Review and analyze the genetic algorithm at the website http
Review and analyze the genetic algorithm at the website http://gencar.co/ or http://boxcar2d.com/. Discuss the algorithm’s goals and how it works. Please provide significant details
Solution
Review of boxcar2d
About the program
The program learns to build a car using a genetic algorithm. It starts with a population of 20 randomly generated shapes with wheels and runs each one to see how far it goes. The cars that go the furthest reproduce to produce offspring for the next generation. The offspring combine the traits of the parents to hopefully produce better cars. Now with the button at the bottom left u can choose to input cars and different terrains. This lets people post their results and even design a car by hand.
It uses a physics library called box2D to simulate the effects of gravity, friction, collisions, motor torque, and spring tension for the car. This lets the car be a wide range of shapes and sizes, while still making the simulation realistic. This is based on the AS3 box2D flash port of the library.
How the algorithm works
Each car is a set of 8 randomly chosen vectors: direction and magnitude. All the vectors radiate from a central point (0,0) and are connected with triangles.

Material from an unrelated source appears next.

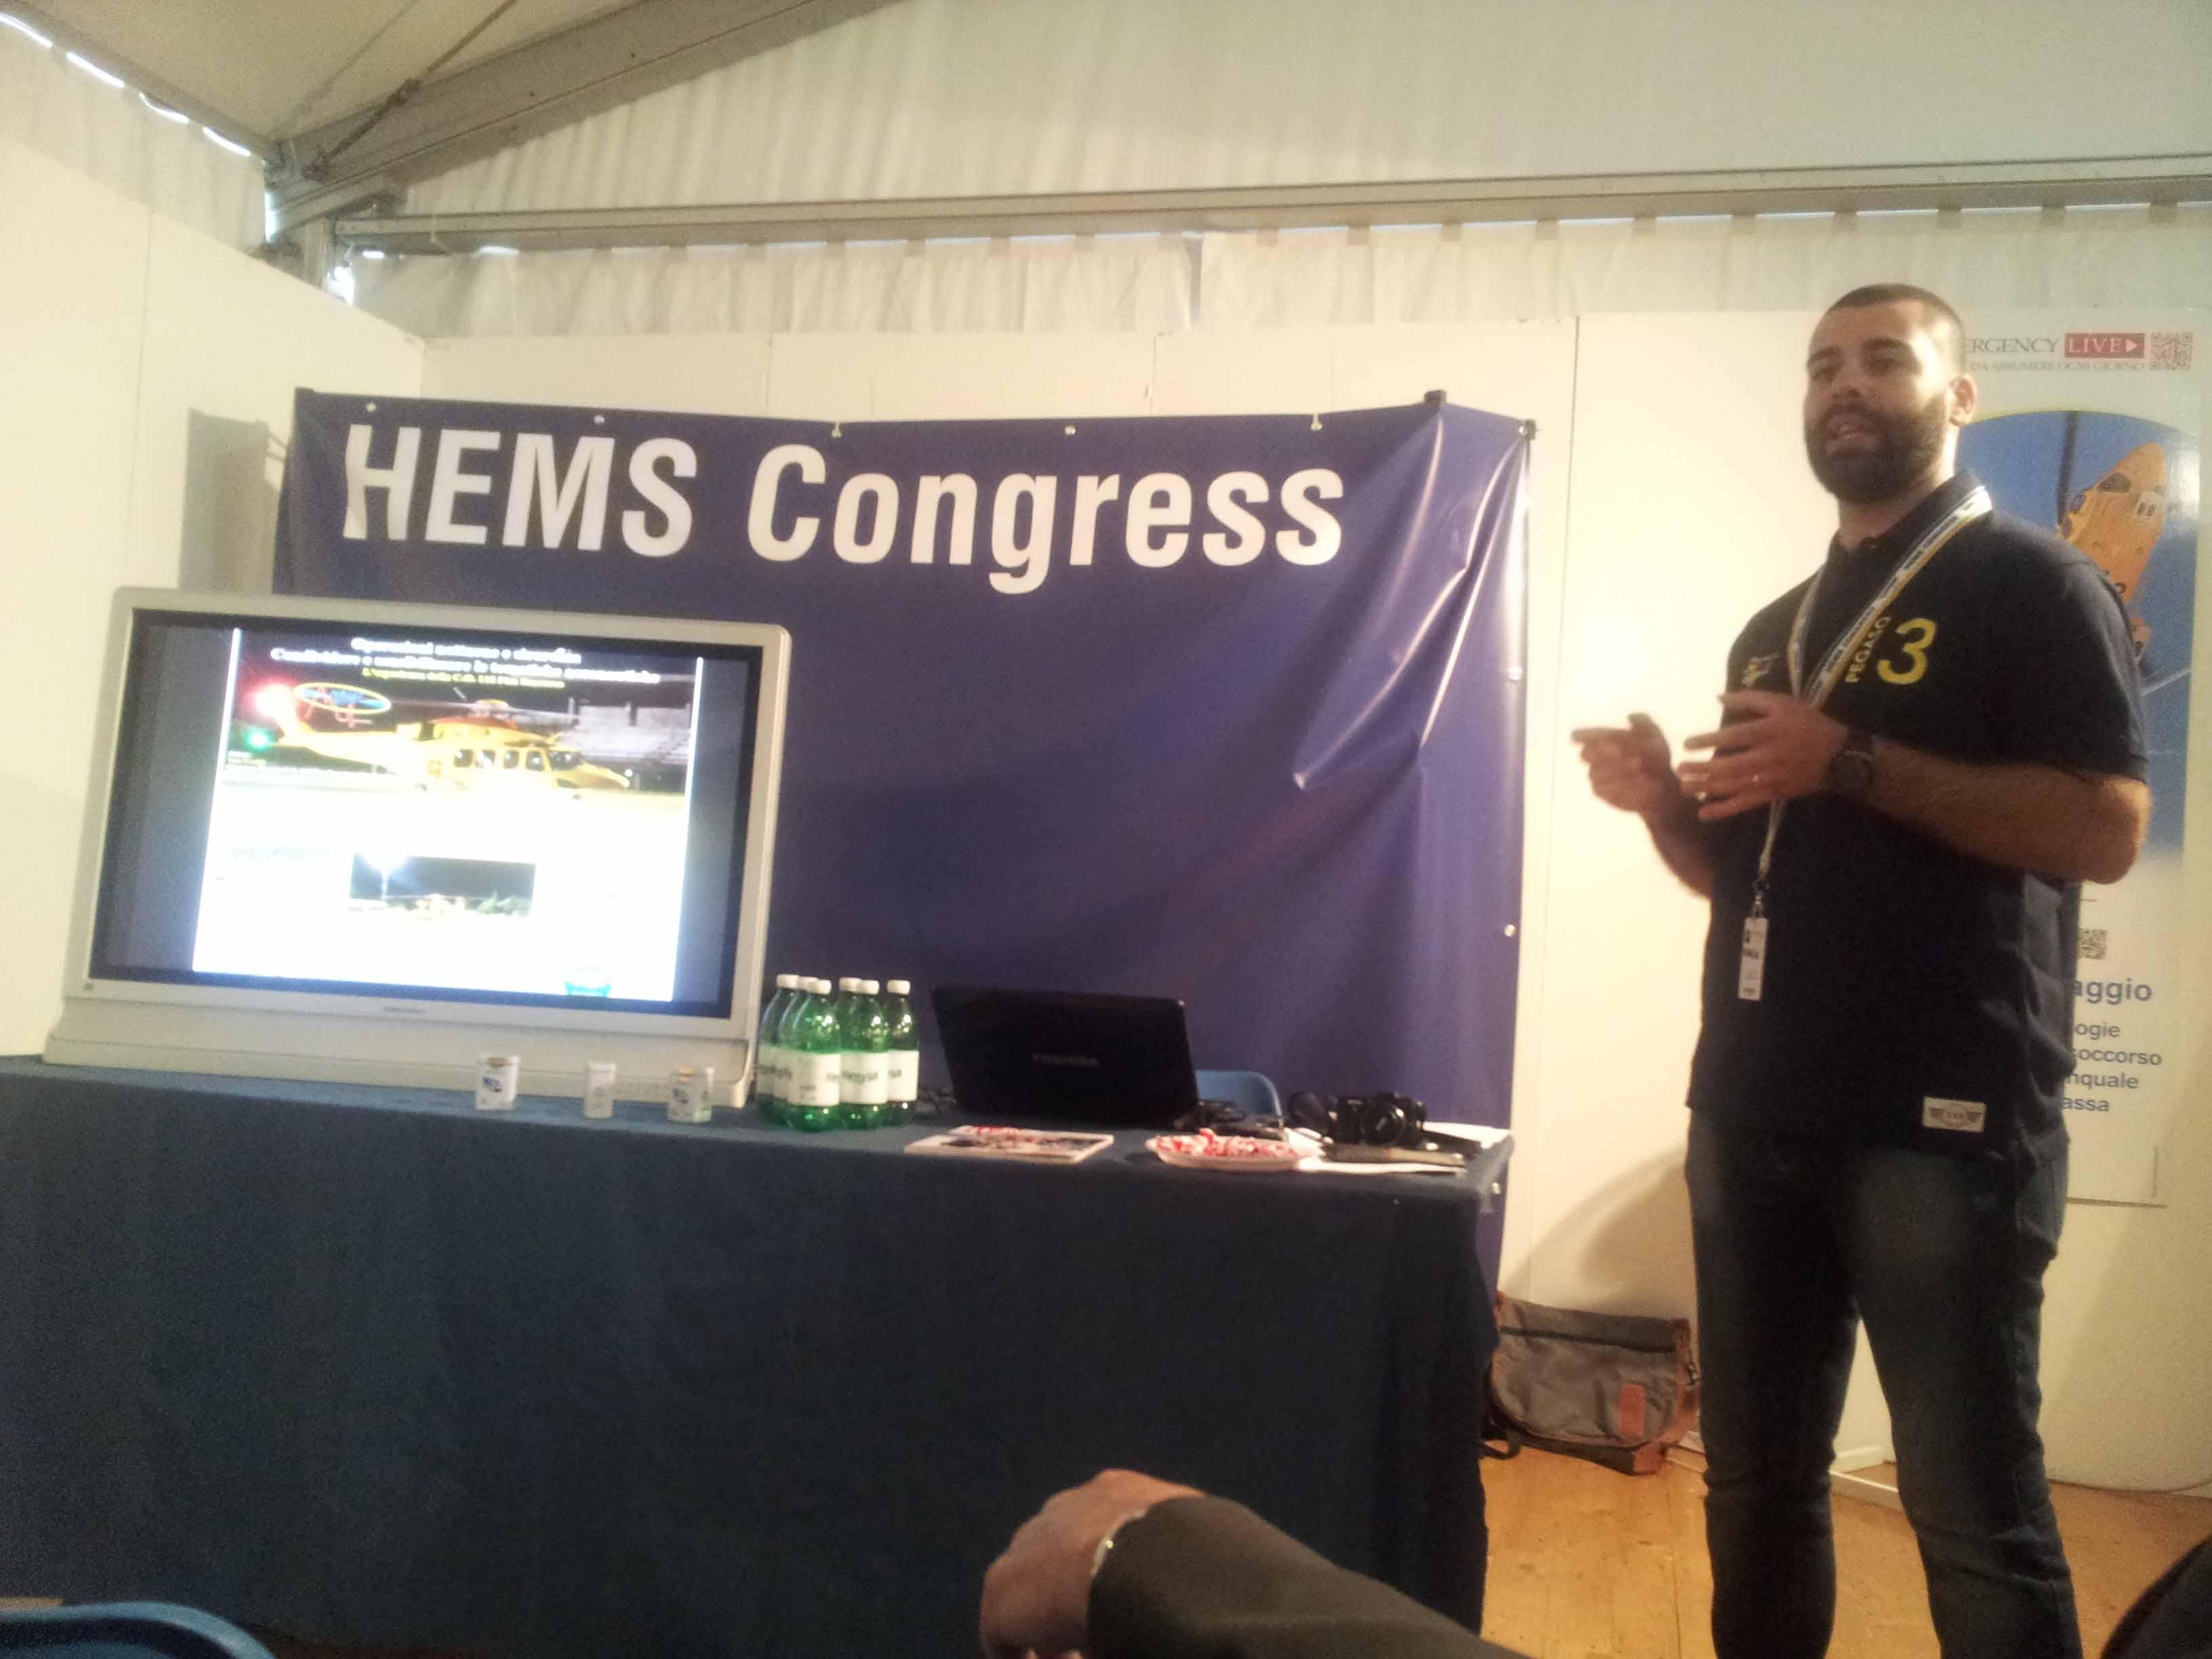 HEMS2015 la fotogallery dei 3 giorni dedicati all'elisoccorso | Emergency Live 7

For each wheel it randomly chooses a vertex to put the axle on, and picks an axle angle from 0 to 2 pi. If it chooses -1 for the vertex that wheel is turned off. There is nothing to prevent multiple wheels from being on the same vertex.
The design of chromosome:
Each chromosome contains 22 variables, each represented as a real number with varying ranges.
These variables are: CartAngle1, CartMagnitude1, CartAngle2, CartMagnitude2, CartAngle3, CartMagnitude3, CartAngle4, CartMagnitude4, CartAngle5, CartMagnitude5, CartAngle6, CartMagnitude6, CartAngle7, CartMagnitude7, WheelVertex0, AxleAngle0, WheelRadius0, WheelVertex1, AxleAngle1, WheelRadius1.
Selection:
At the end of each generation, pairs of parents have to be selected to produce offspring for the next generation. That\'s the selection process and I\'ve implemented two algorithms.
Selection of the car:
The parents after each generation are chosen based on their fitness scores. Specifically, it finds the sum of all fitness scores for that generation and divides each score by the sum to get the probability. Summing the probabilities creates a wheel we can select from.
Then by picking a random number from 0-100 we can pick the car for mating. Removing the selected car from the process, it repeats to get another car to mate. This process continues n/2 times where n is the population size. In this case n=4 so 2 pairs mate.
Selection pressure can more be controlled more easily with tournament selection, which really helps keep high scoring individuals from sweeping the population too early. The pseudocode:
*for each car A
     *pick a random car B (excluding A)
     *highest score of A and B wins tournament
     *put winner in mating pool
 *randomly pick pairs from mating pool for crossover
This is deterministic tournament selection since it always selects the one with the higher score, and with the smallest possible tournament size of 2, the selection pressure is kept as small as possible.
Crossover:
The algorithm uses two point crossover, which means a two random points along the chromosome are selected and everything in between is swapped. Cars are chosen by their scores but theres no guarantee that two high scoring cars will produce high scoring offspring.
Mutation:
In addition to crossover, each generation the chromosomes go through mutation. This means theres a probability that each aspect of the car (or variable in the chromosome) will change. When a variable mutates, a new value is randomly chosen in the desired range. A new random color is also chosen to visually illustrate the mutation.